Everything from the line with "Art inspiré par" through the final line of the listing below must be retyped exactly, apart from the pictures.

(Collected material Opens)

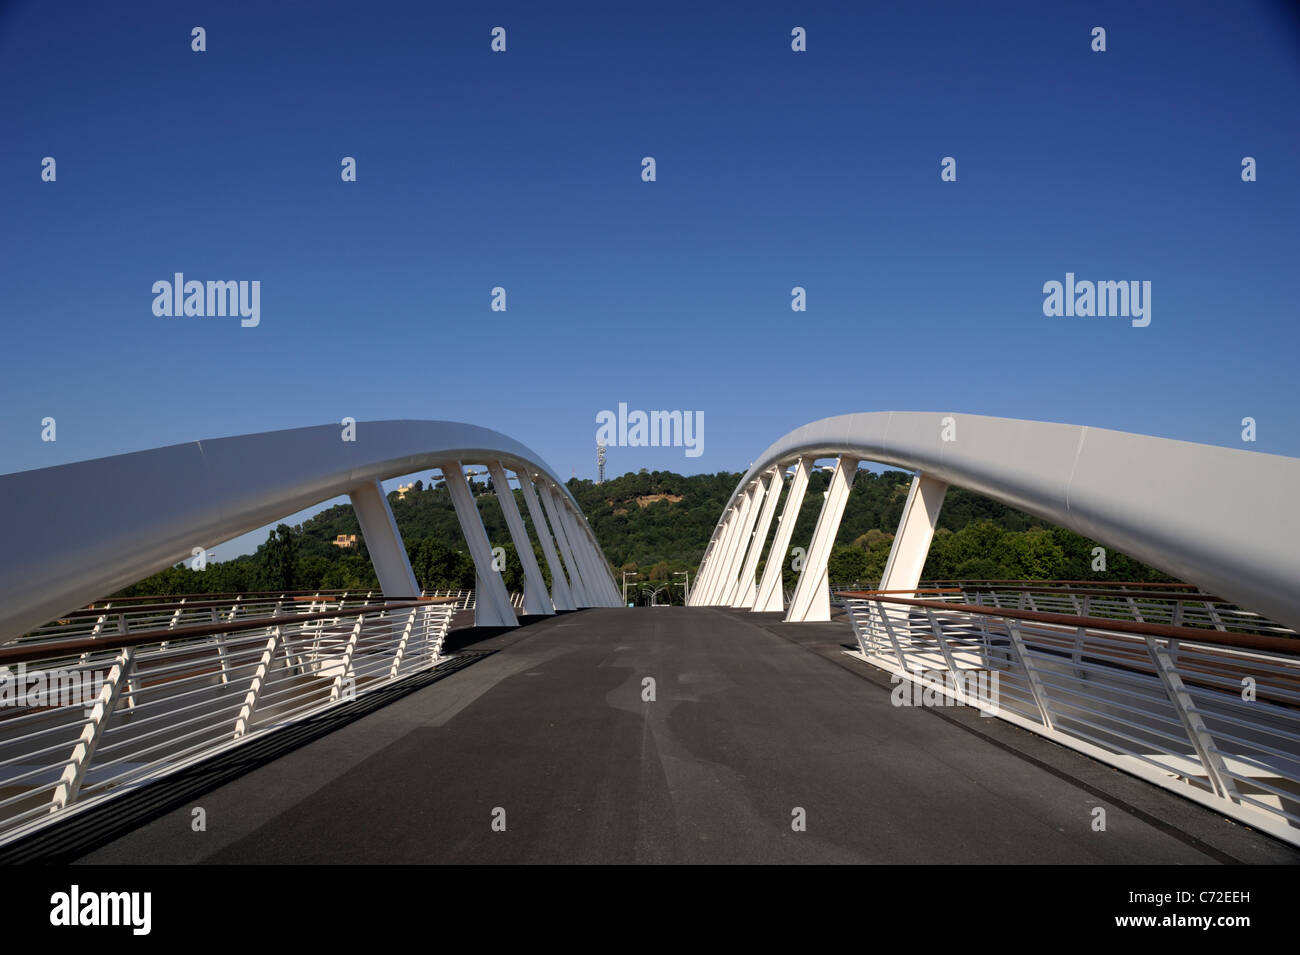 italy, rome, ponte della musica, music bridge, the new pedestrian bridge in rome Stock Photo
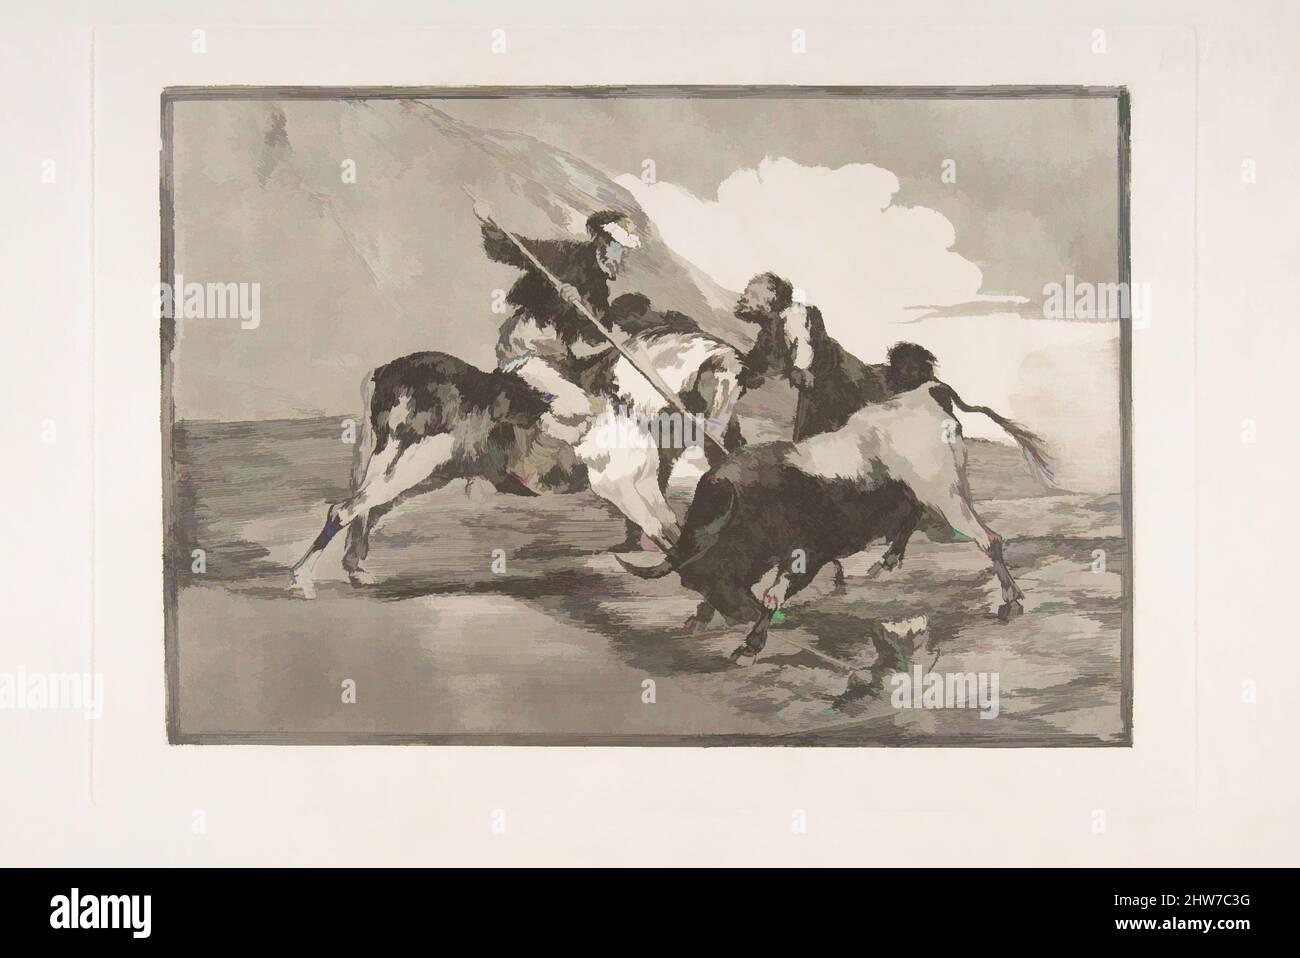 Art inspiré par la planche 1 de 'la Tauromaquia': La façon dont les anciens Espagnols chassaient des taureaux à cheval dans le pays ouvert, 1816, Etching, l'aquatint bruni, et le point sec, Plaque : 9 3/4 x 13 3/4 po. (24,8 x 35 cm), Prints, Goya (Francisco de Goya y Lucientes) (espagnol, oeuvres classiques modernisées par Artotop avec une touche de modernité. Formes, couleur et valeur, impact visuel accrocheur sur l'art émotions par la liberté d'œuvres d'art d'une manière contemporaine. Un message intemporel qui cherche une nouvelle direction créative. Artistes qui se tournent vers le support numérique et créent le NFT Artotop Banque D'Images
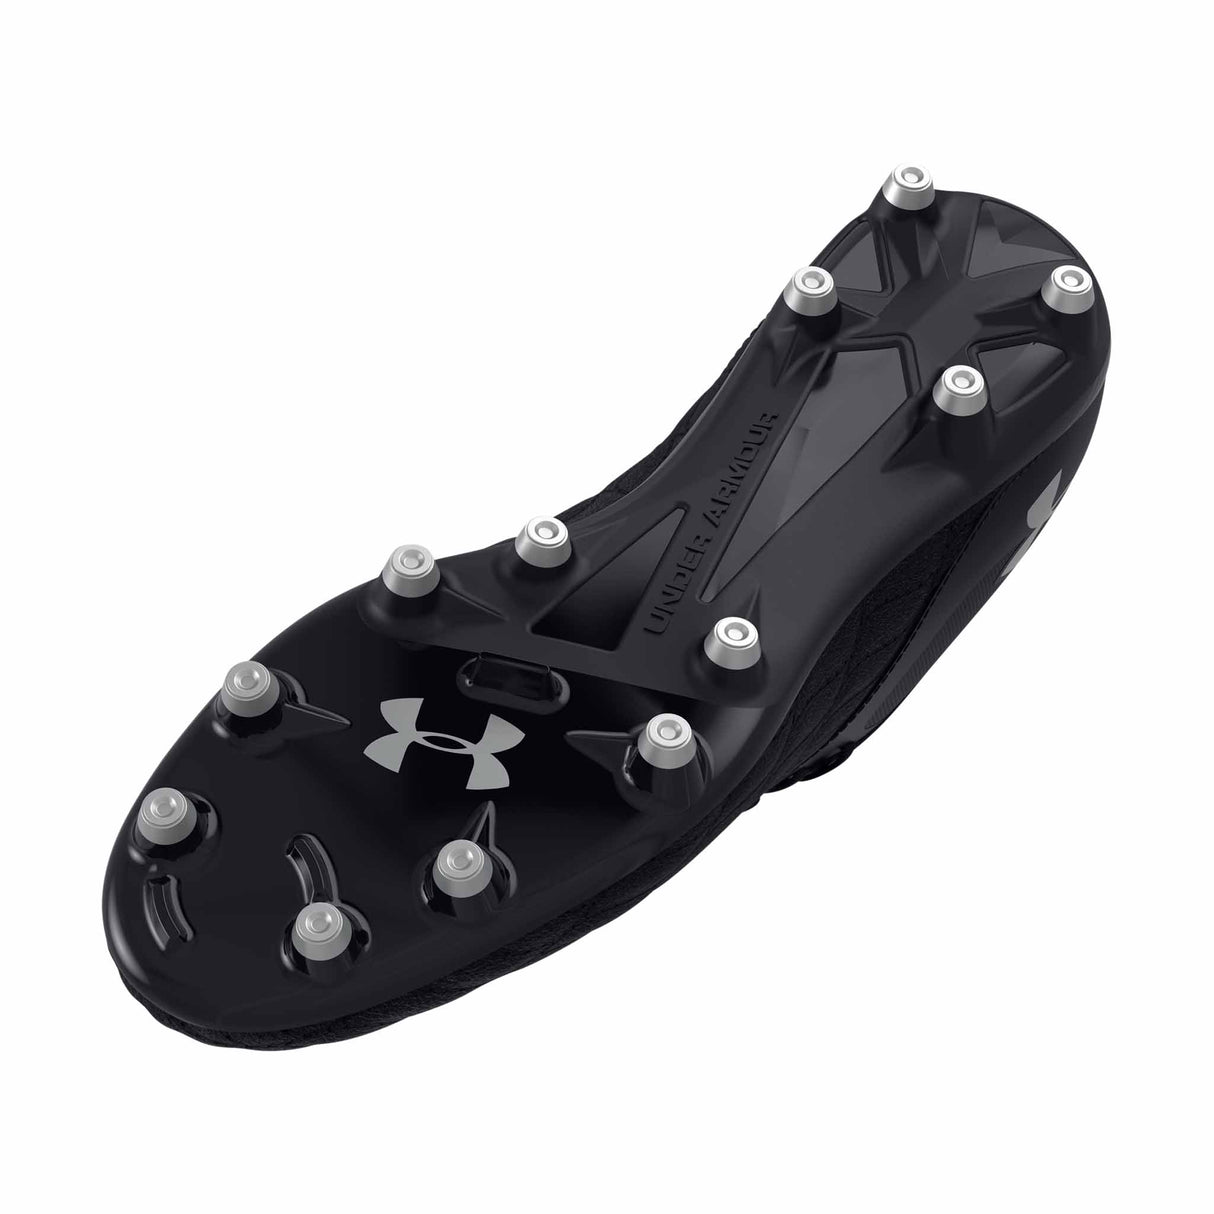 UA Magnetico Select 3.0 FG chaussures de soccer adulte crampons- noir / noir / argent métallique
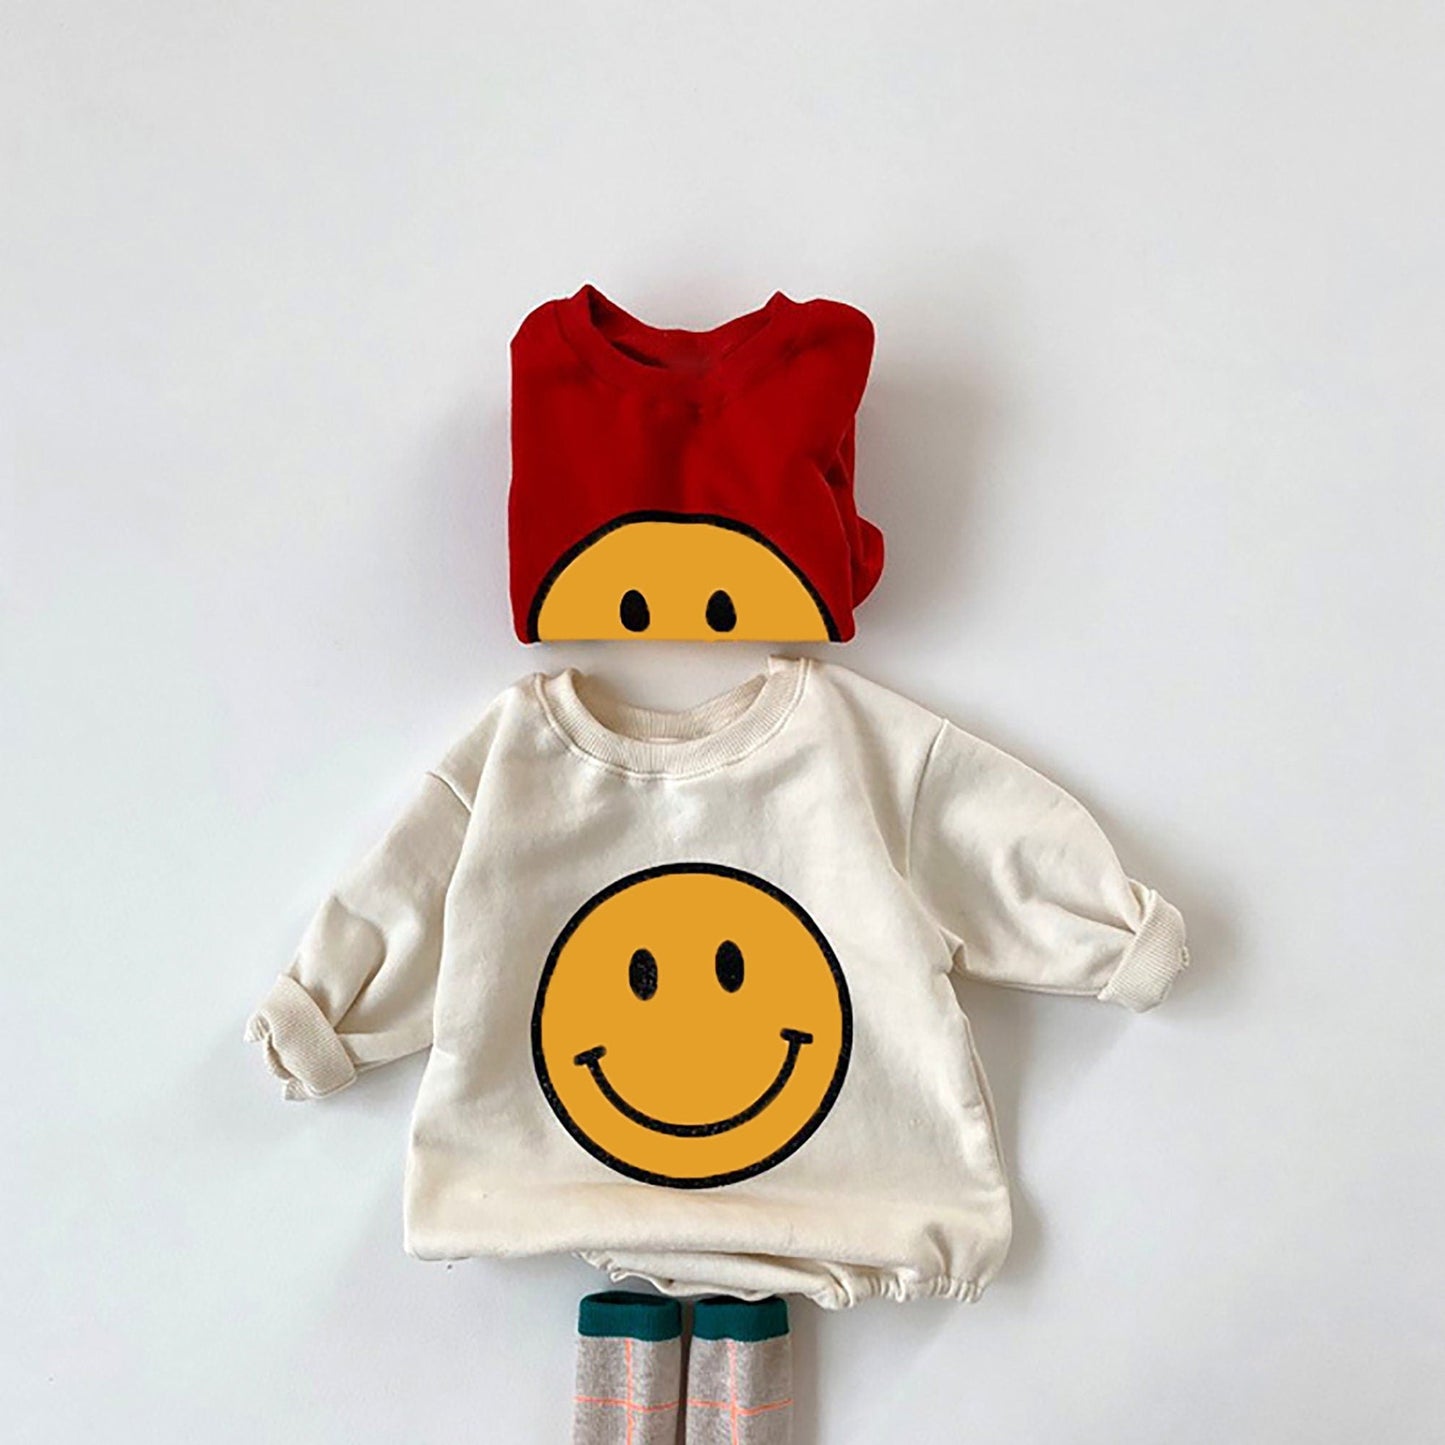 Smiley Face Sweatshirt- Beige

(Collected material Closes)

*Result for this task*.
 Art inspiré par la planche 1 de 'la Tauromaquia': La façon dont les anciens Espagnols chassaient des taureaux à cheval dans le pays ouvert, 1816, Etching, l'aquatint bruni, et le point sec, Plaque : 9 3/4 x 13 3/4 po. (24,8 x 35 cm), Prints, Goya (Francisco de Goya y Lucientes) (espagnol, oeuvres classiques modernisées par Artotop avec une touche de modernité. Formes, couleur et valeur, impact visuel accrocheur sur l'art émotions par la liberté d'œuvres d'art d'une manière contemporaine. Un message intemporel qui cherche une nouvelle direction créative. Artistes qui se tournent vers le support numérique et créent le NFT Artotop Banque D'Images
 UA Magnetico Select 3.0 FG chaussures de soccer adulte crampons- noir / noir / argent métallique
 Smiley Face Sweatshirt- Beige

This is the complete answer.